On the event of our fifth anniversary, Sustainable Industries decided to catch up with 10 subscribers who have been with us from the very first issue and get their perspective on how things have changed since 2002.

A testament to the magazine’s Northwest roots, 9 of the 10 are Portlanders, with a lone Seattle representative in the bunch. Like the rest of our readers, though, the early subscribers profiled in the following pages and online are leaders in a diverse range of industries from green building and law to food processing and investment.

The positive impact of public concerns about climate change, reflections on the growth of greenwashing and a conviction that sustainability will need to tackle social equity issues were common themes among many of the interviews. We hope these interviews provide a moment of reflection on where we’ve been and where we’re headed as part of the green business community.

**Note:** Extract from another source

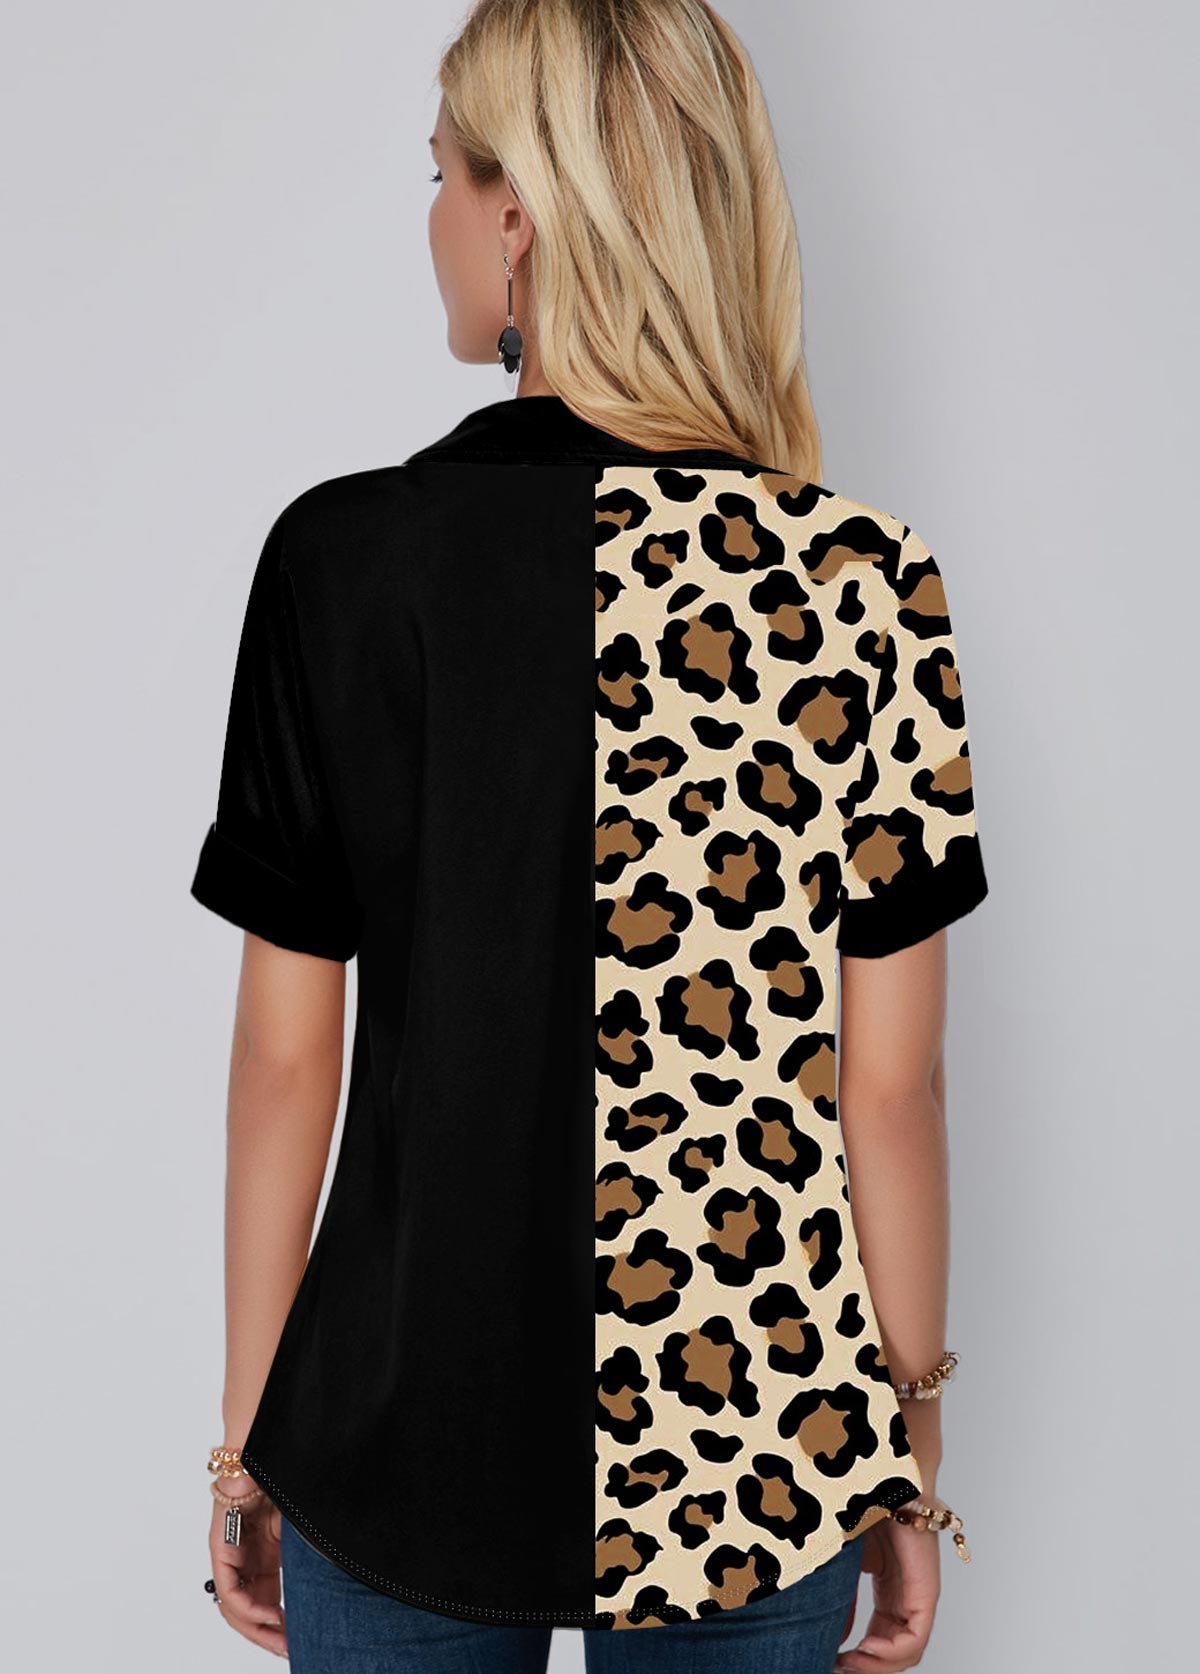 Chest Pocket Leopard Print Button Up Blouse

Read more profiles and join the conversation by clicking here.

In 2002, Jennifer Allen was working at Oregon’s Economic and Community Development Department as their sustainable business liaison, providing outreach on various sustainable business and economic development issues to diverse sectors of the Oregon economy. “I focused a lot on market connections and transformation issues, creating more opportunities, seeding projects.” One such project was a new publication proposed by Brian Back and Nik Blosser, Sustainable Industries Journal Northwest. “The thing that really appealed to me about that was the “no fluff” approach,” Allen recalls. “It was not an advocacy magazine; it was a very serious look at what was working and what wasn’t—an attempt to bring some rigorous thinking to this whole sustainable business stuff.”

Allen, now the associate director of Portland State University’s Center for Sustainable Processes and Practices, sits on the boards of Food Alliance, Shorebank Pacific, Porlan Energy Conservation Inc. and Illahee, and participates in numerous policy and business strategy efforts underway throughout Oregon. Like many other long-time sustainability professionals, she says there’s been a shift in people’s thinking over the last year and a half, in particular. “One factor has been the increased attention to things like climate change, a particular driver like that which has become much more difficult to dismiss and got peoples’ attention. People often see that as the main reason to be having these conversations,” she says.

However, Allen also notes “you can have an extremely inequitable society that could be climate neutral, so if you think sustainability is about the social aspects – equity, access, quality of life – all those other issues related to the social side, Climate change is not synonymous with thinking about sustainability. … There’s a more complex system out there.”

The university plays a crucial role in expanding the impacts of sustainability, Allen says, from training students equipped to think about their work through the lens of sustainability to conducting research on some of the supply chain issues facing fledgling industries such as green building and food service. “How do we get to the volume where we can actually supply the largest levels of demand? It’s no longer just this small-scale market demand. It’s also moving into the larger production modes.”

As for the next five years, Allen says she hopes the conversation becomes more sophisticated with respect to social aspects. “Sustainability is about thinking in a more integrated way, and I hope that we can move toward that more. I’m hoping that the conversation about business opportunity and policy strategies is more sophisticated and includes how you think about social impacts and equity and unintended consequences.”